In the morning, Grey resolves to return the unwanted gift, but finds that the Stolls have departed. He drinks a barley-tasting concoction that Stoll had prepared and left behind. Determined to find out more about the Stolls’ activities, he hires a boat and – when exactly over the wreck – looks into the depths to see Stoll's body, drifting in the current, tied to an anchor. In a panic Grey throws the jar into the sea, but realises that he is too late, that the jar's head is becoming his own likeness, and that he too will soon become another victim of the smiling god Dionysus.

=== "A Border-Line Case" ===
Shelagh Money, a 19-year-old aspiring actress who goes by the stage name of Jennifer Blair, is looking forward to her first big theatre role, playing Viola/Cesaro in Twelfth Night. However, Shelagh may miss the opportunity as she feels obliged to stay with her seriously ill father. As they look through an old photograph album, Shelagh's father reminisces about a former friend, Commander Nick Barry, who was best man at his wedding and who appears in a photograph with the bride and groom. He regrets that he and Nick were never reconciled after the time when, as Nick's superior in the Royal Navy, he felt unable to recommend him for promotion.
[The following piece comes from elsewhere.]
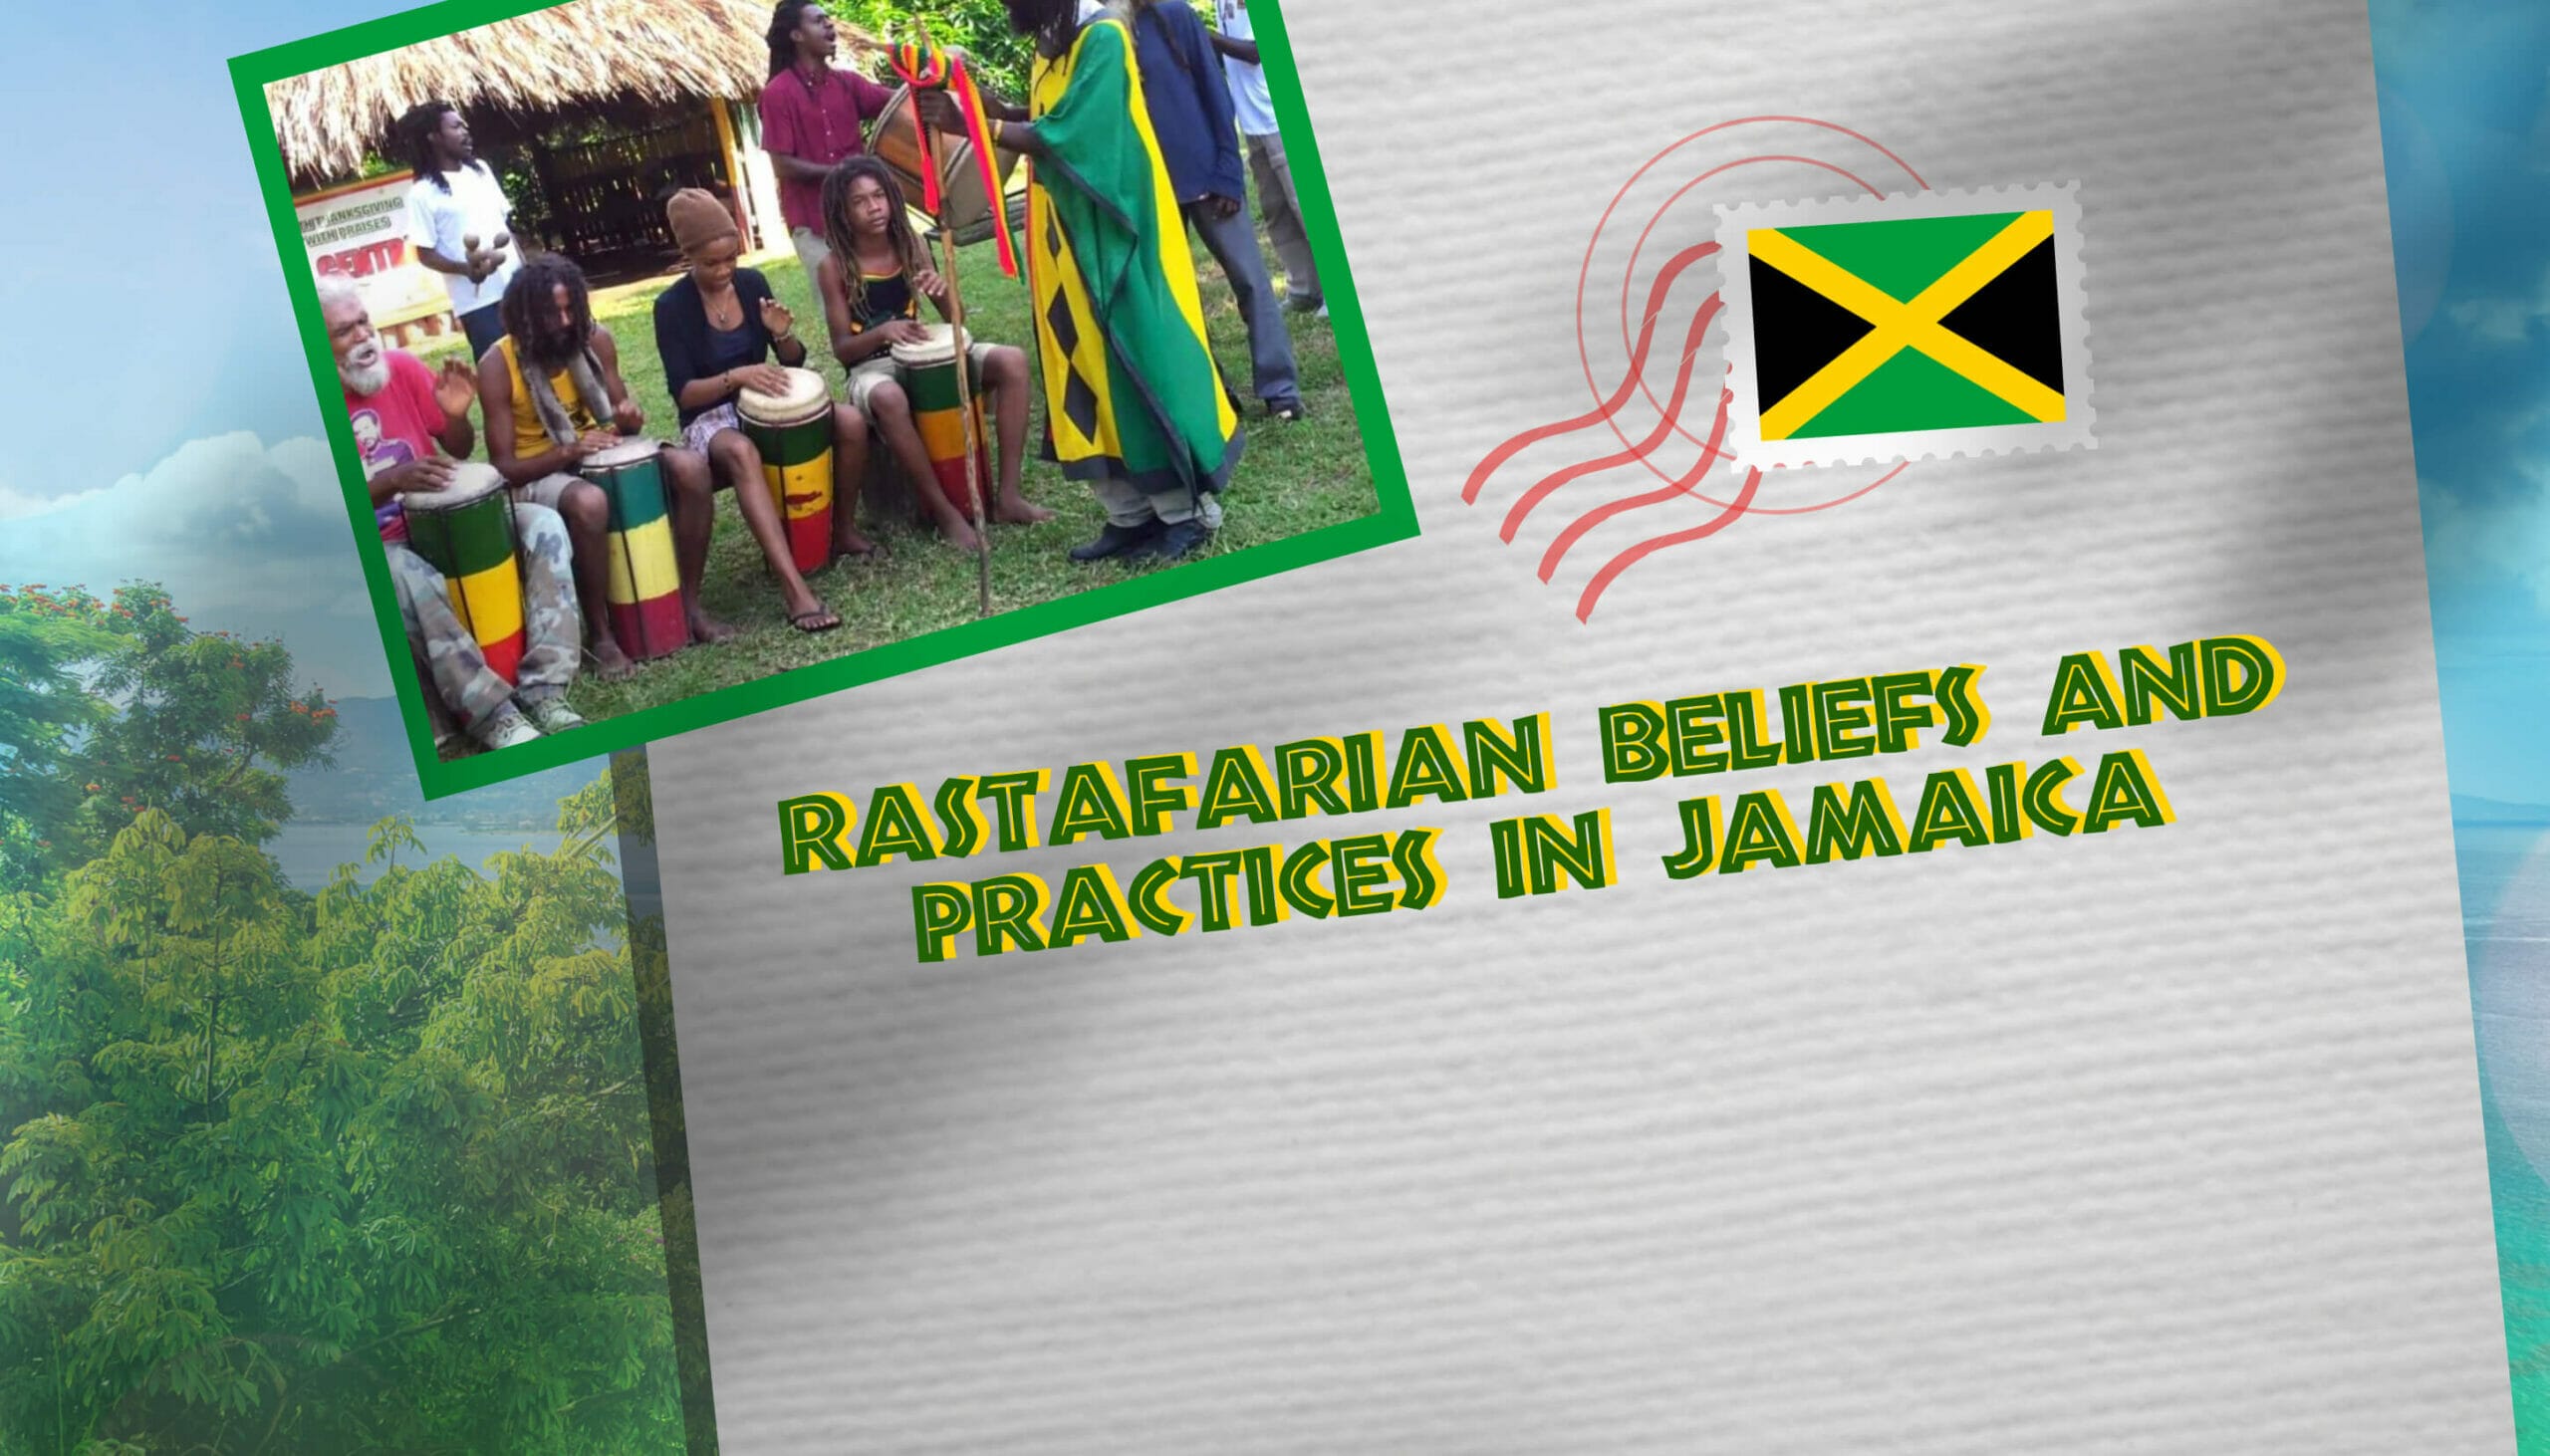 Rastafarian beliefs and practices in Jamaica

Suddenly and quite unexpectedly, Shelagh's father stares at her with a look of horror and disbelief on his face; he collapses and dies.

Feeling that she should pass on her father's last wish of reconciliation, Shelagh travels to Ireland in search of Nick, checking into a hotel. The locals are reluctant to talk, but she discovers that Nick lives a reclusive life on a small island. When Shelagh attempts to investigate further, she is kidnapped and taken to the island as Nick's involuntary 'guest'. She is shocked to see that he keeps on his desk a framed copy of her father's wedding photograph, which had been doctored to swap around the heads of the groom and the best man.

Nick – who is now an IRA commander – begins questioning Shelagh. Acting on impulse, she tells him that she is a journalist and gives her stage name. Nick tells her that the photograph is of his own wedding, and that his wife died shortly afterwards. Shelagh finds herself strongly attracted to Nick. When he takes her to view a bombing raid on targets just north of the border, they have passionate sex in the back of a grocer's van. Nick admits that the photograph is indeed a fake: a practical joke that the new bride took rather badly at the time. He got his own back by getting her drunk while her husband was away, and having what he calls 'a rough-and-tumble on the sofa'. Although Shelagh disapproves of his youthful indiscretion, she tells Nick she loves him and wants to be together.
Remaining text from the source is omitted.